Nevertheless, we can make a reasonable estimate and that's what I did in my book in chapter 6: "How Many Genes? How Many Proteins?" I took the best estimates of coding DNA, UTRs, and introns and calculated that the average size of a protein-coding gene was 61,760 bp (61.8 Kb). Assuming that there are 19,500 of these genes, they should occupy 39% of the genome. Adding in some reasonable (and generous) estimate of non-coding genes brings the total to about 45% of the genome.1
However, many studies report that at least 75% of the genome is transcribed and the highest estimates are over 80%. The other transcripts are almost always present at very low concentrations and are rapidly degraded. The DNA sequences that are transcribed are not conserved. This strongly suggests that these are spurious transcripts. We know that such transcripts exist and we know that random sequences of DNA will be transcribed by accident giving rise to junk RNA.
A newly published paper has attempted to sort out the amount of DNA that produces functional RNAs and the amount that produces junk RNA (noise).
Adey, B.N., Maddock, D.J., Hermann-Le Denmat, S., Dinger, M.E., Gardner, P.P., Poole, A.M. and Ganley, A.R.D. (2026) Pervasive transcription in the human genome exceeds background noise. Genome Biology and Evolution:evag042. [doi: 10.1093/gbe/evag042]

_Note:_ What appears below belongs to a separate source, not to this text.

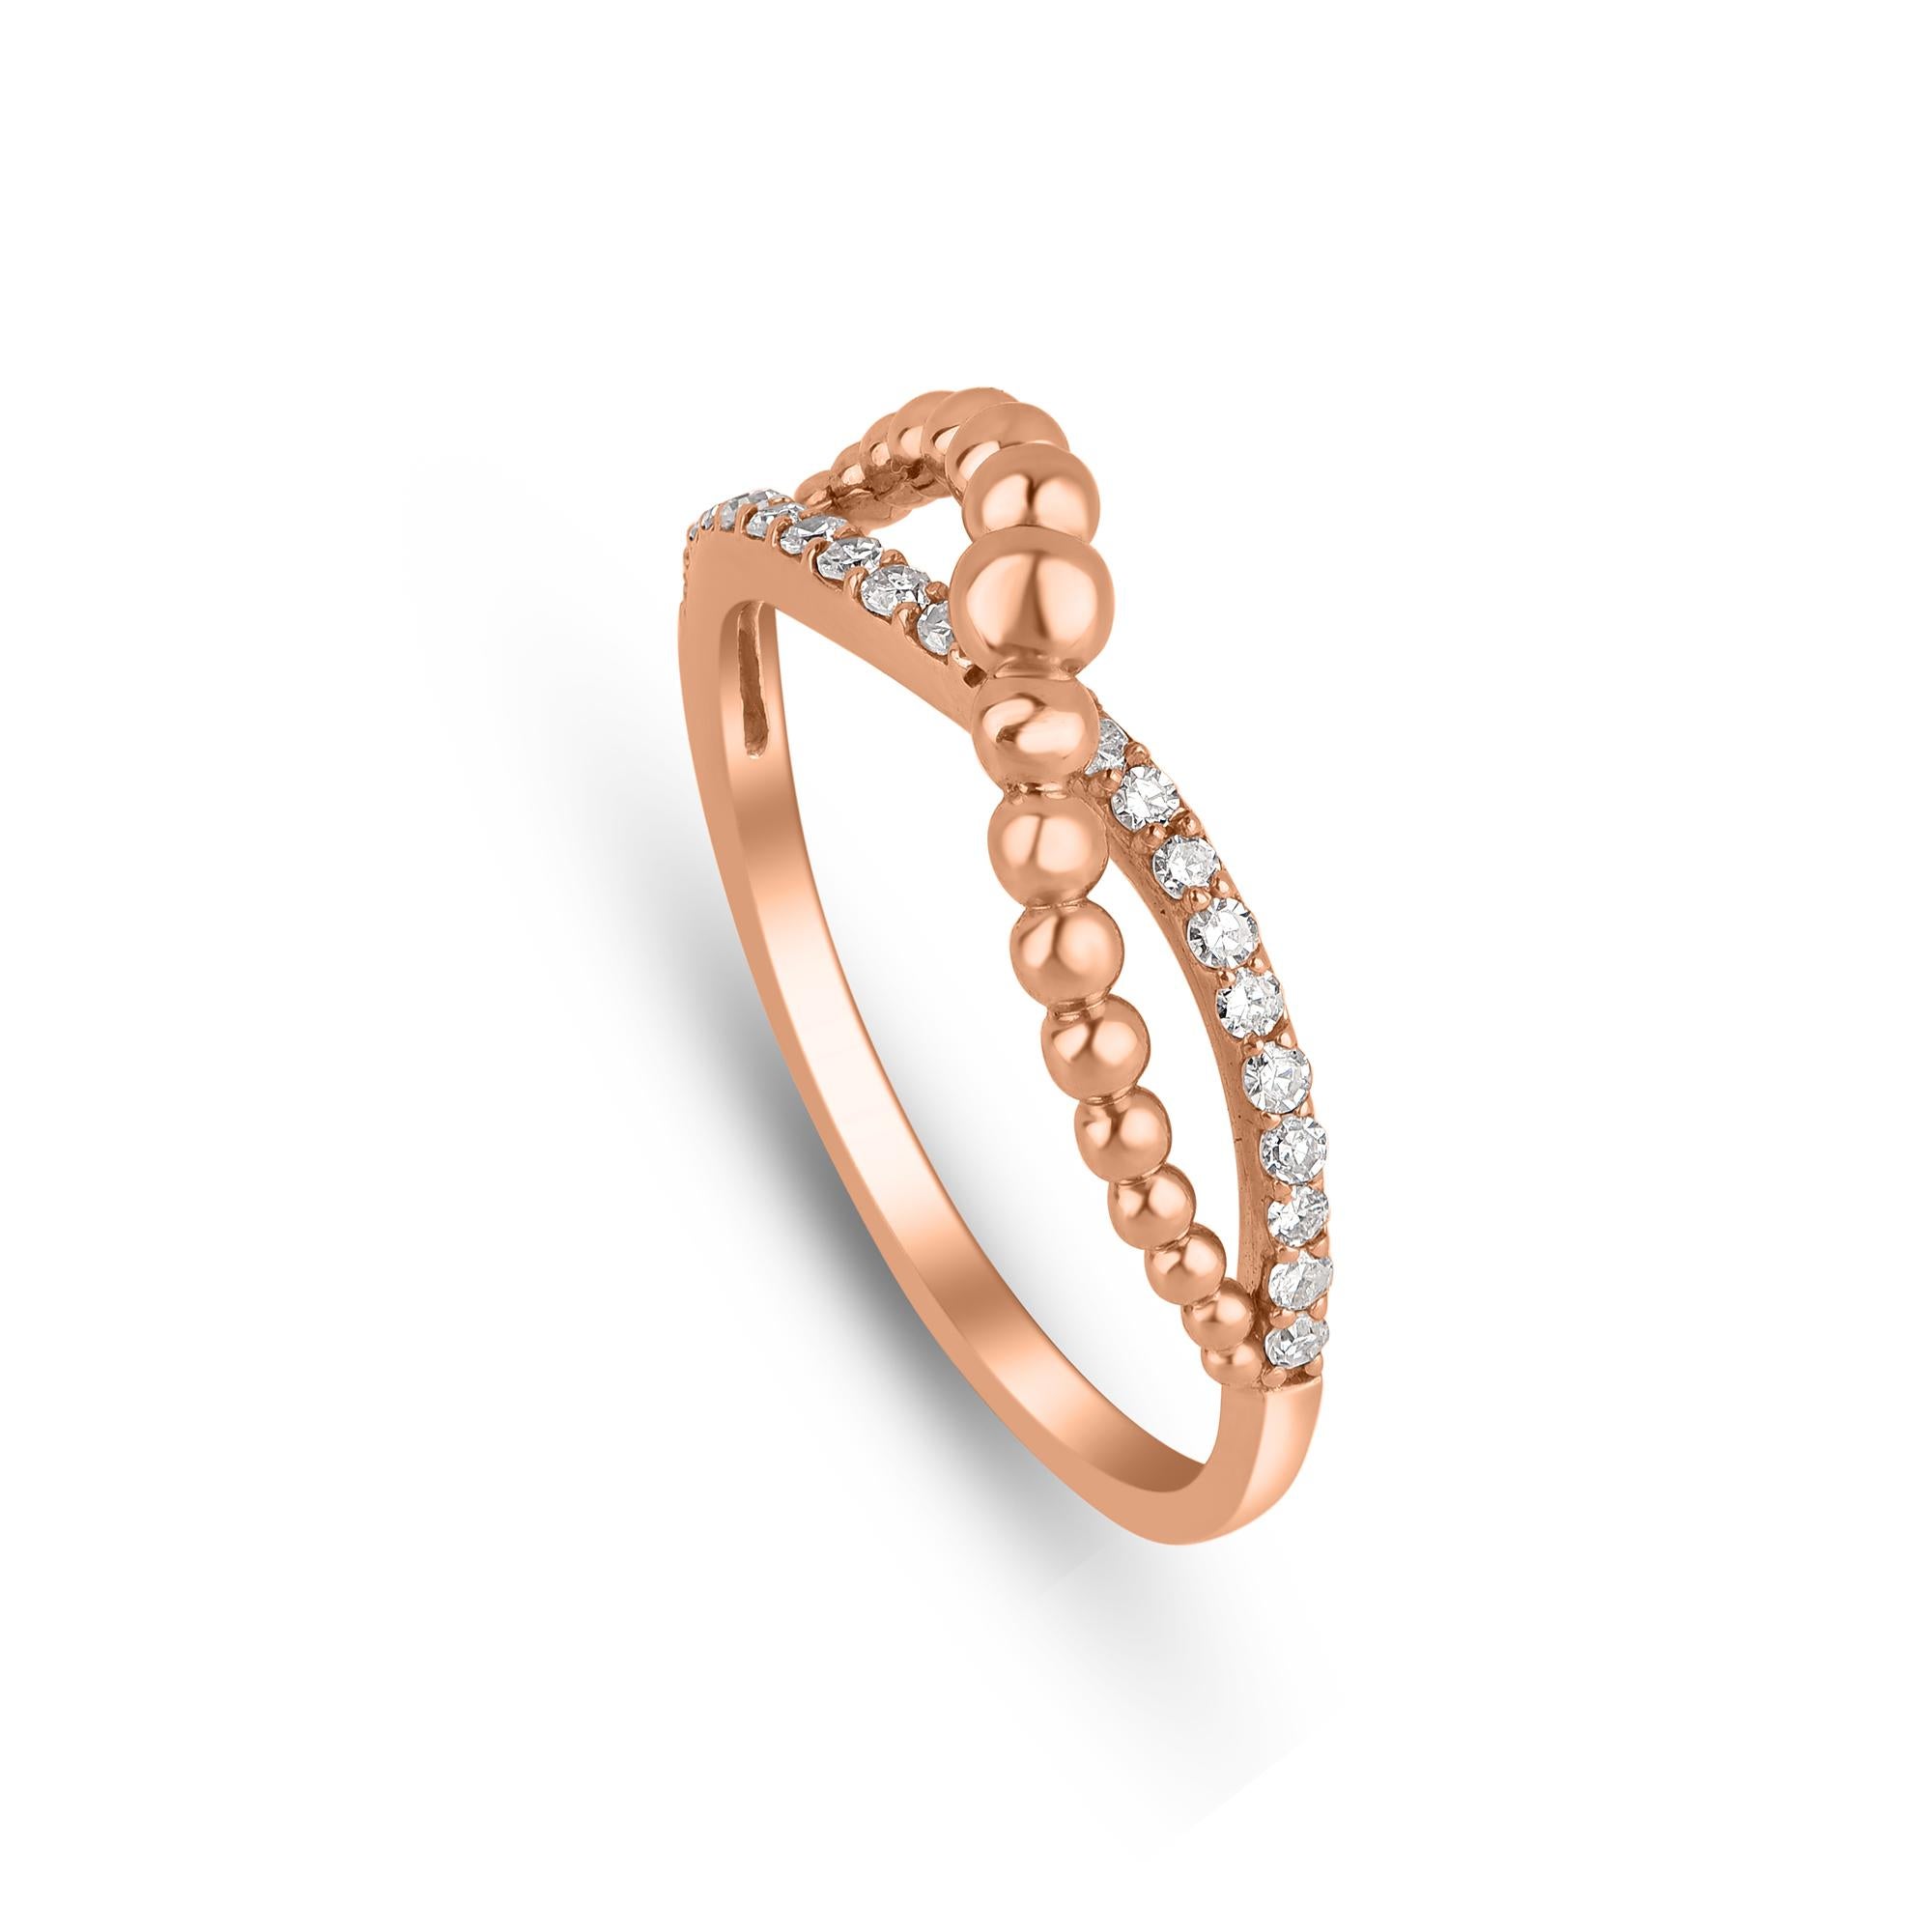 Classic and contemporary – this diamond bubble ring is embellished with 20 round-cut diamonds in prong setting and crafted beautifully in 18 kt rose gold. Diamonds are graded HI color, I1 clarity.

Large genomes such as the human genome are pervasively transcribed yet encode relatively few unambiguously functional elements. This has led to debate over whether pervasive transcription is indicative of large suites of uncharacterized functional elements or is simply background noise. Here we used a deep-learning model to estimate background transcription in the human genome as a way of distinguishing between these two hypotheses. We applied the model to randomised (reversed or shuffled) versions of the human genome and found that transcription is predicted to be sparse across all randomisation methods, initiating with at least four-fold lower frequencies than in the native human genome. This relatively low level of background transcription from the human genome suggests that most transcription is not a consequence of background noise, thus it requires other explanations. We find that randomizing only interspersed repeats in human genome has little impact on predicted transcription, suggesting that transcription of mobile elements does not explain the excess transcription in the human genome. Instead, most transcriptional events may derive from functional noncoding RNA transcripts, some general requirement for extensive transcription initiation/elongation, and/or mutational biases leading to the frequent appearance of transcription initiation sites by chance.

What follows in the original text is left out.